Data records
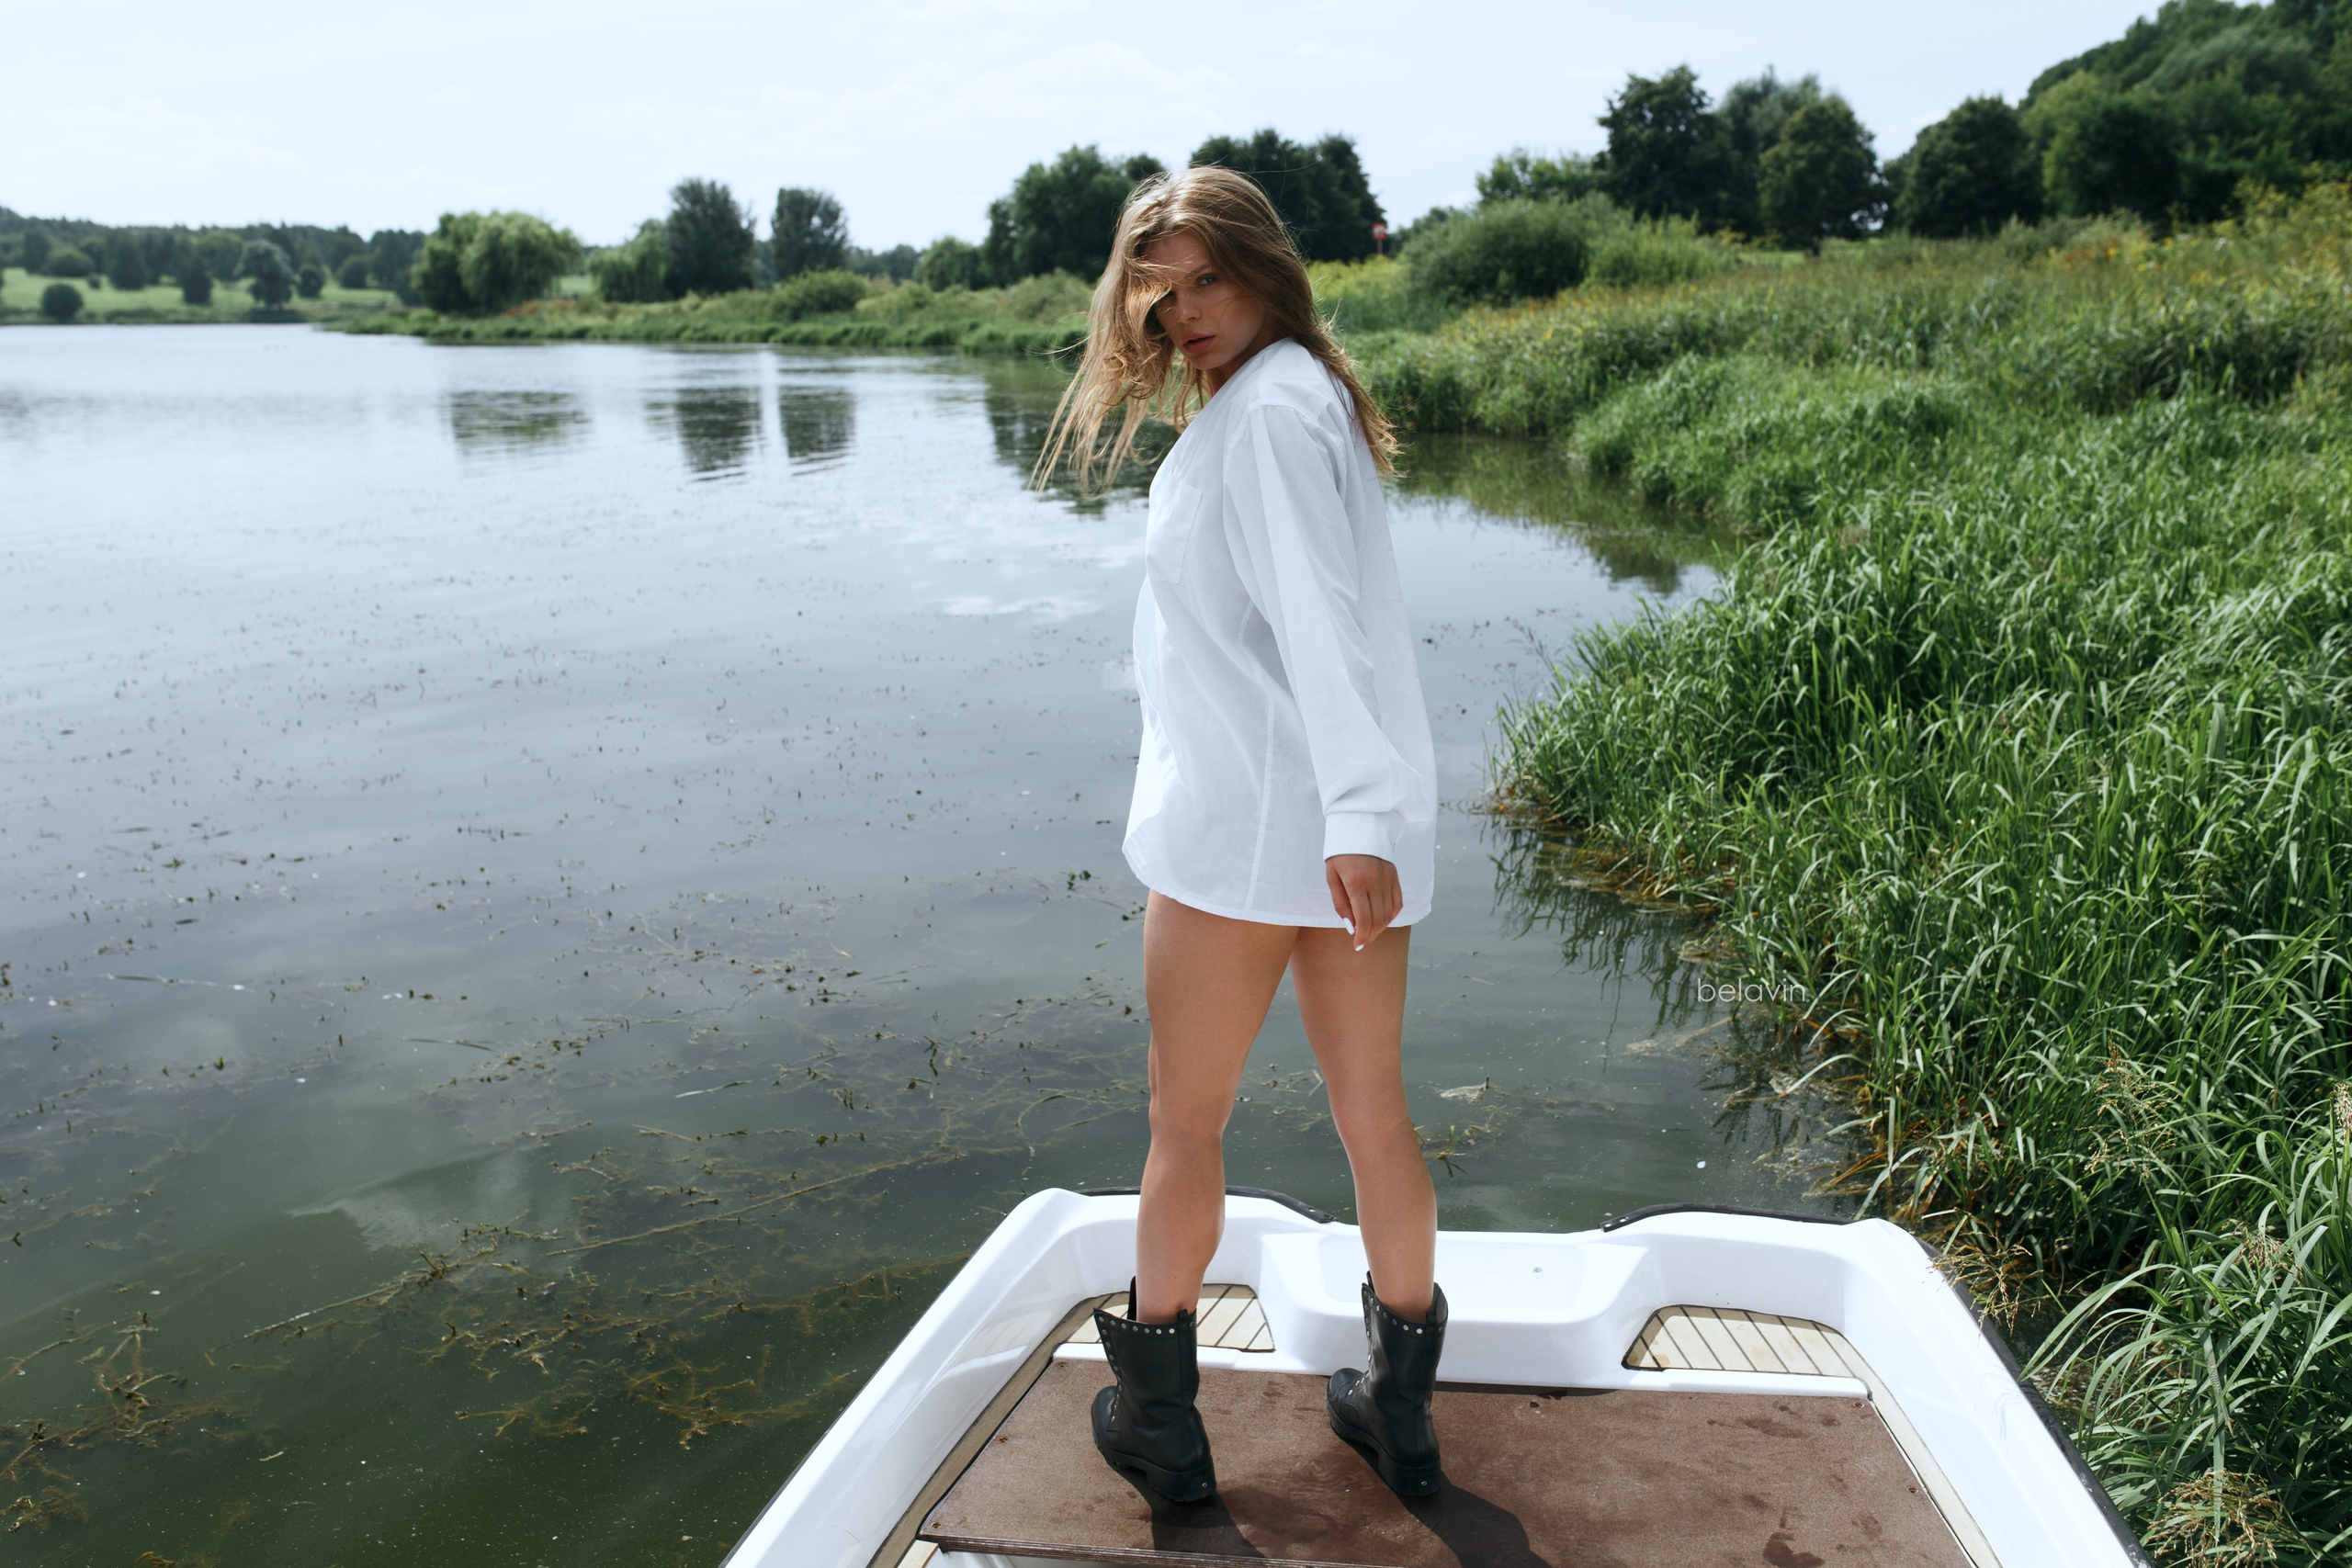 Women Alexander Belavin Shoes Water Boat Women Outdoors White Shirt Brunette Looking At Viewer White 2560x1707
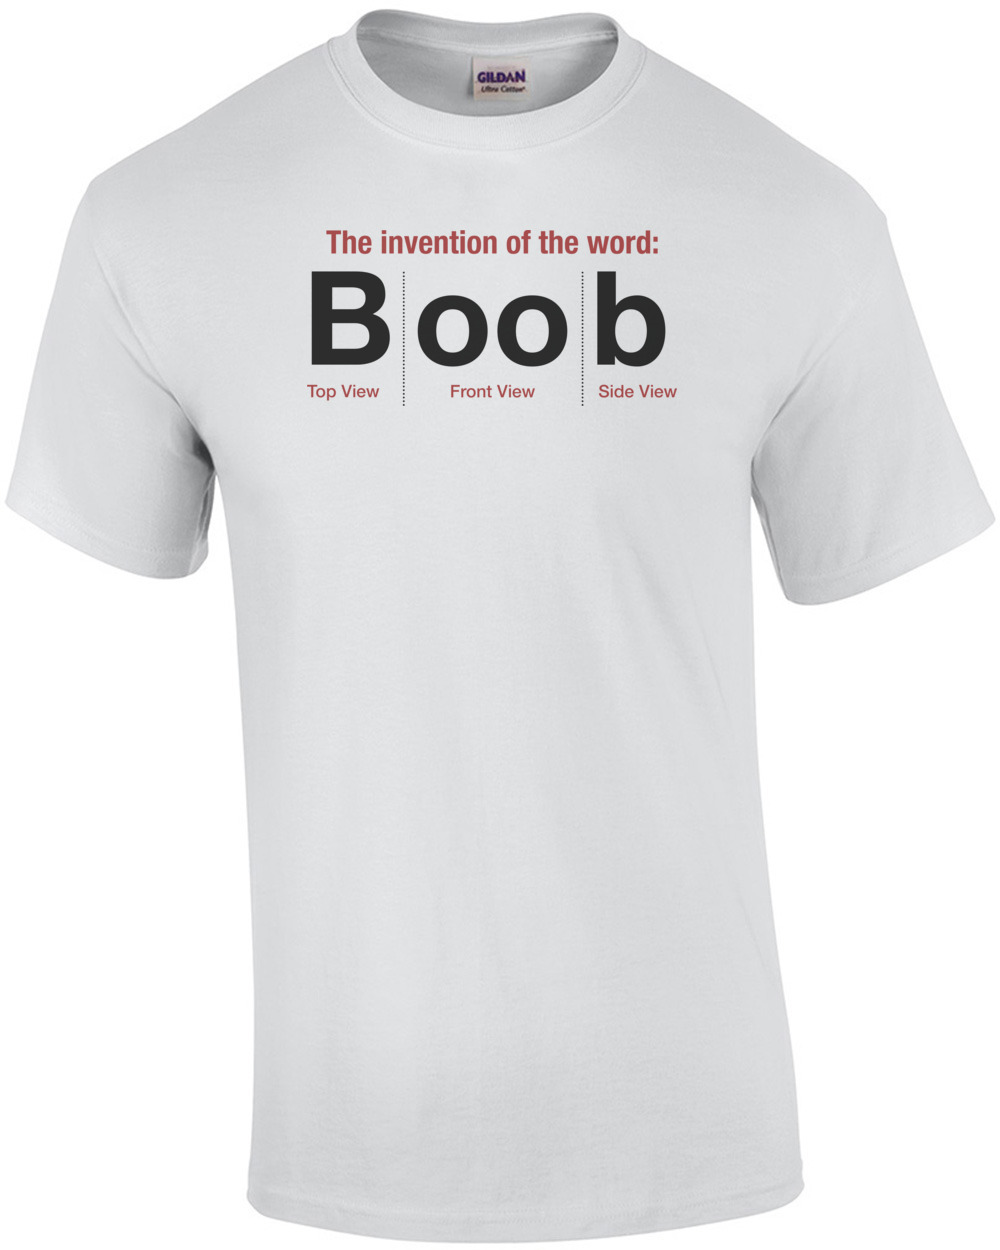 The Invention Of The Word Boob Mug, Coffee Mug, Travel Mug - Q-Finder  Trending Design T Shirt
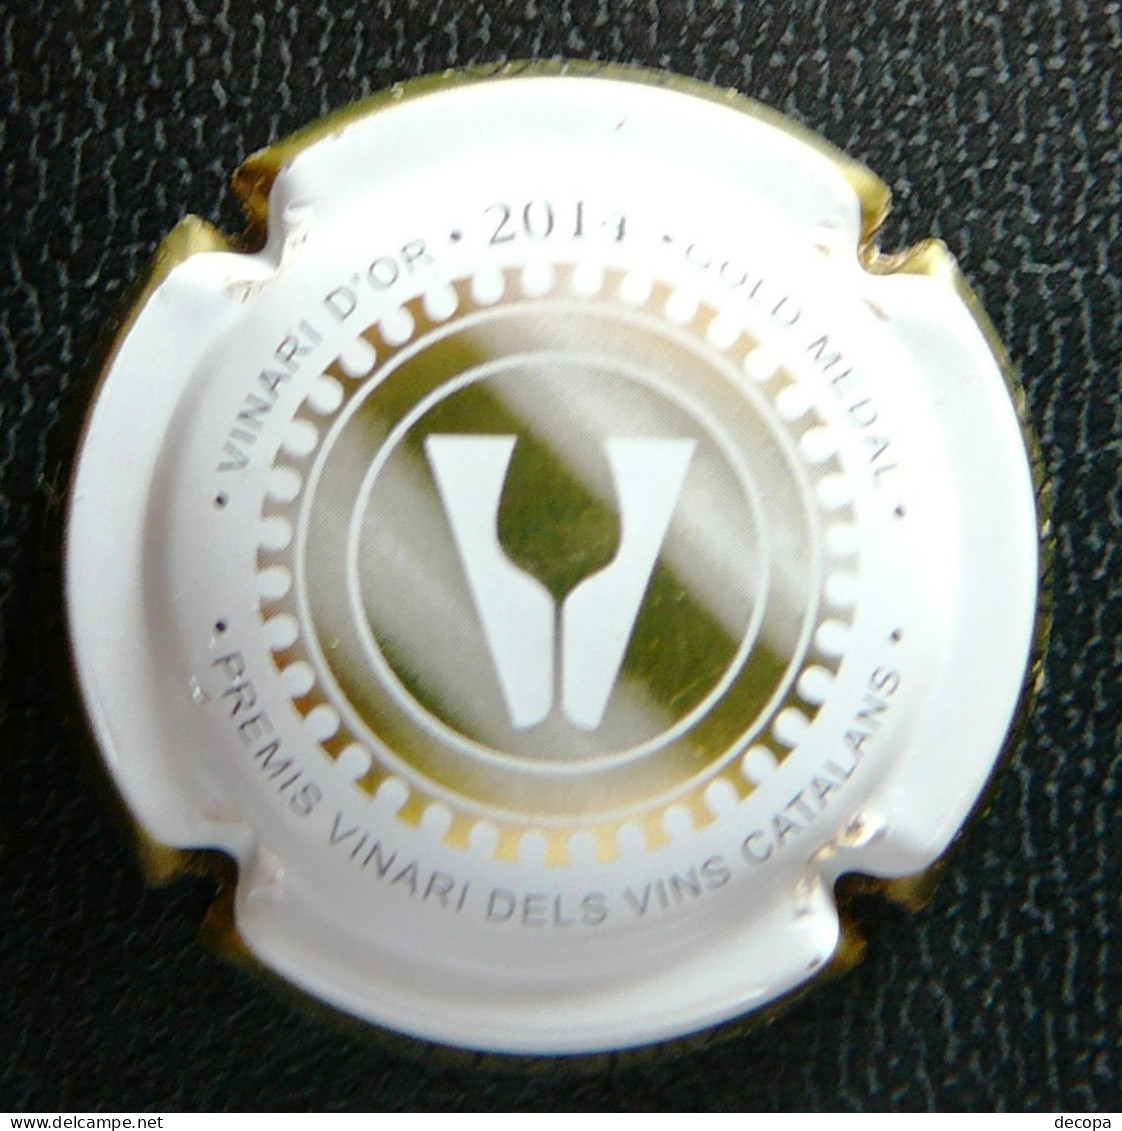 (dc-057) Capsule Cava Pere Olivella Galimany - Gold Medal 2014   -  Placa Premis Vinari Dels Vins Catalans - Mousseux
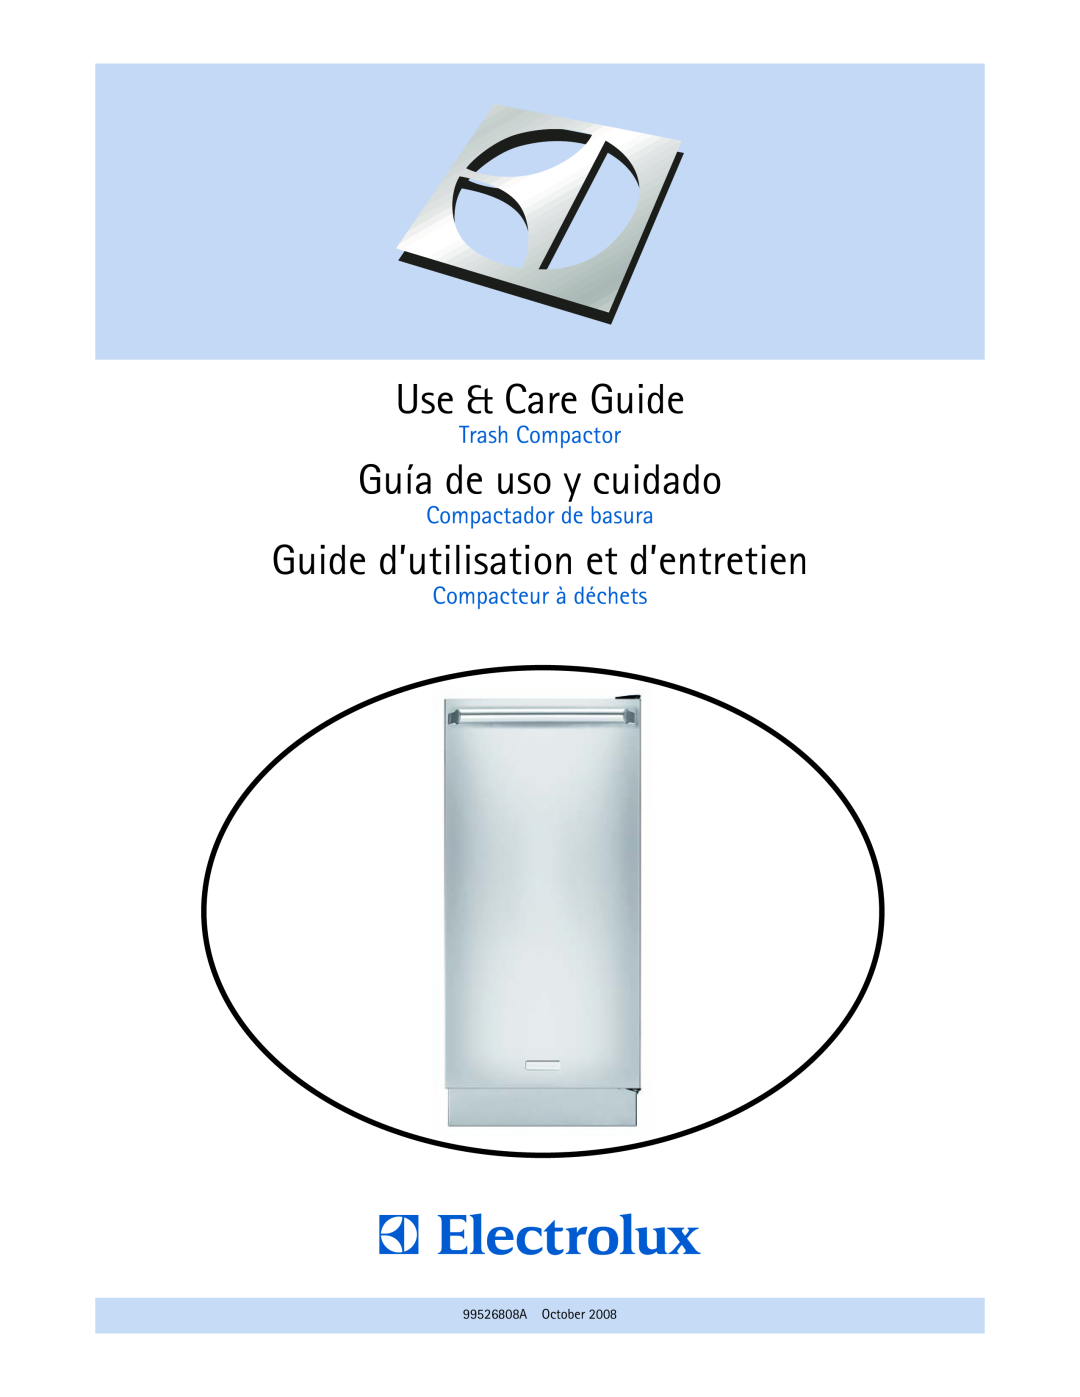 Electrolux E15TC75HPS manual Use & Care Guide, Guía de uso y cuidado, Guide d’utilisation et d’entretien, Trash Compactor 
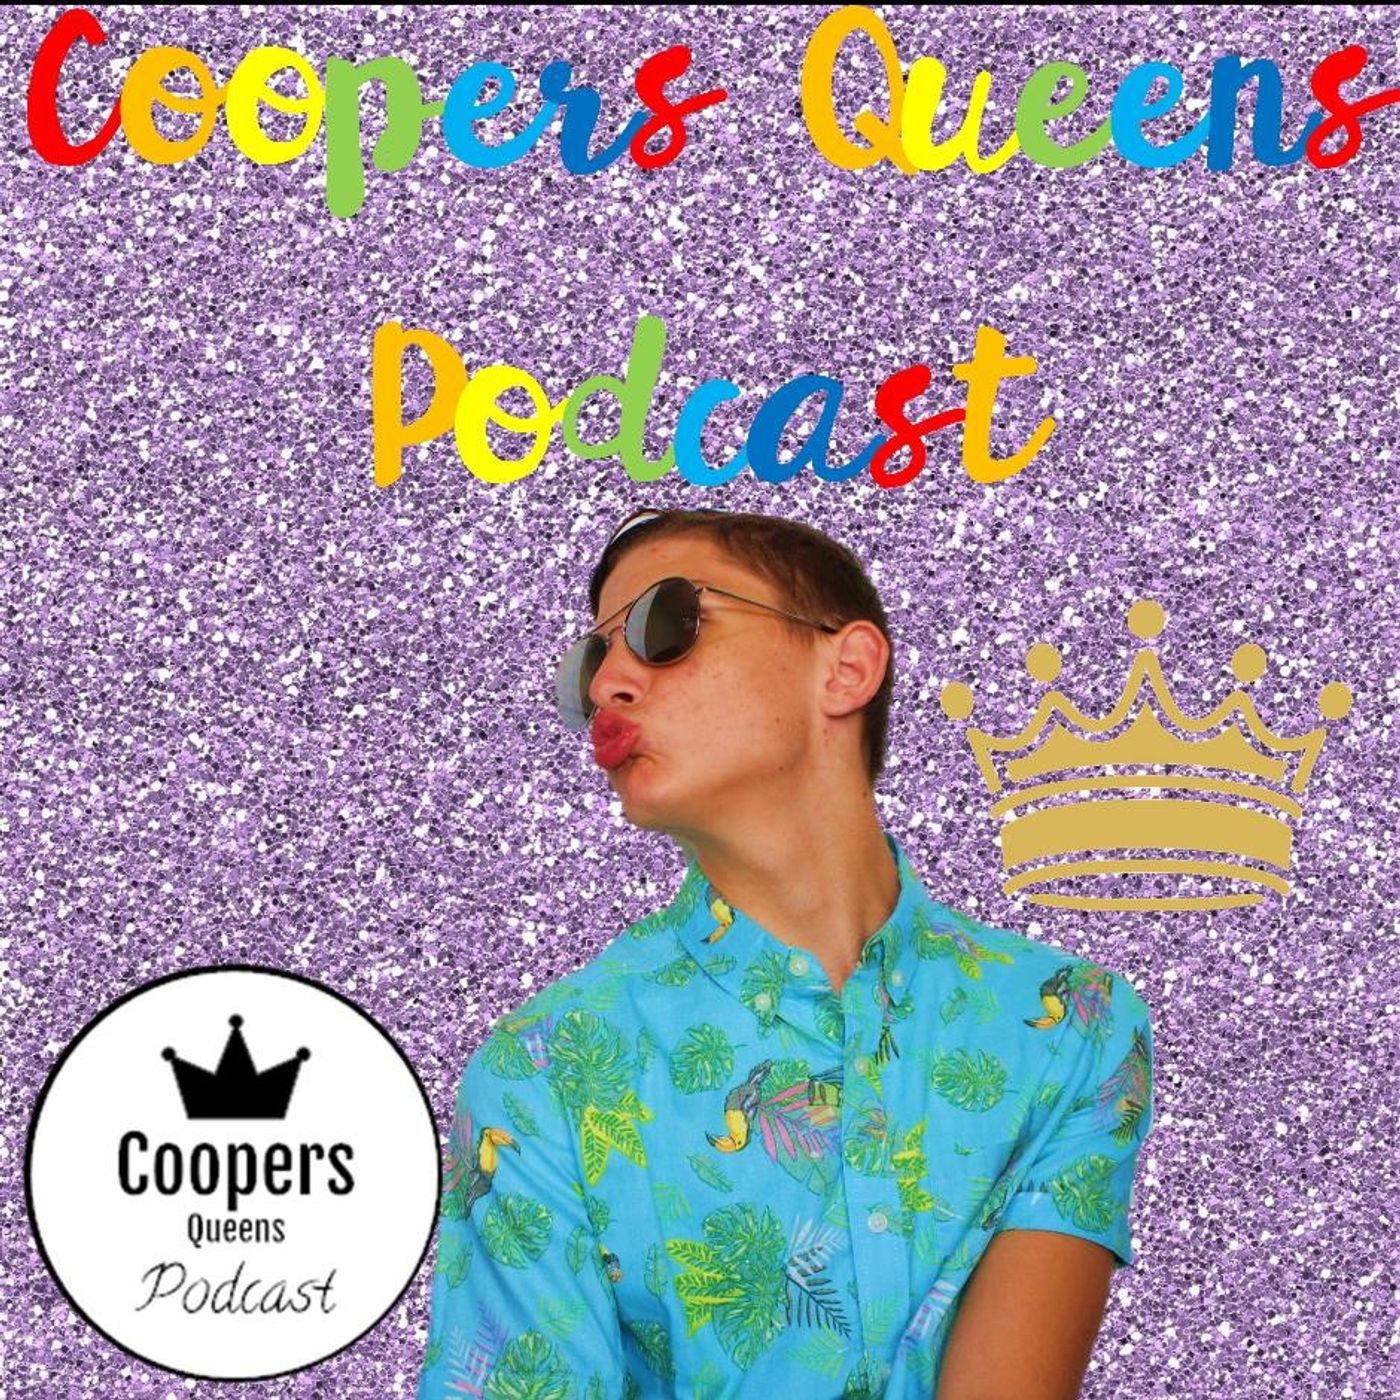 Coopers Queens Podcast

## TASK DIRECTIONS:
Without copying any images, transcribe the records exactly as they stand.

## ANSWER SECTION:
 Women Alexander Belavin Shoes Water Boat Women Outdoors White Shirt Brunette Looking At Viewer White 2560x1707
 The Invention Of The Word Boob Mug, Coffee Mug, Travel Mug - Q-Finder  Trending Design T Shirt
 (dc-057) Capsule Cava Pere Olivella Galimany - Gold Medal 2014   -  Placa Premis Vinari Dels Vins Catalans - Mousseux
 Electrolux E15TC75HPS manual Use & Care Guide, Guía de uso y cuidado, Guide d’utilisation et d’entretien, Trash Compactor 
 Coopers Queens Podcast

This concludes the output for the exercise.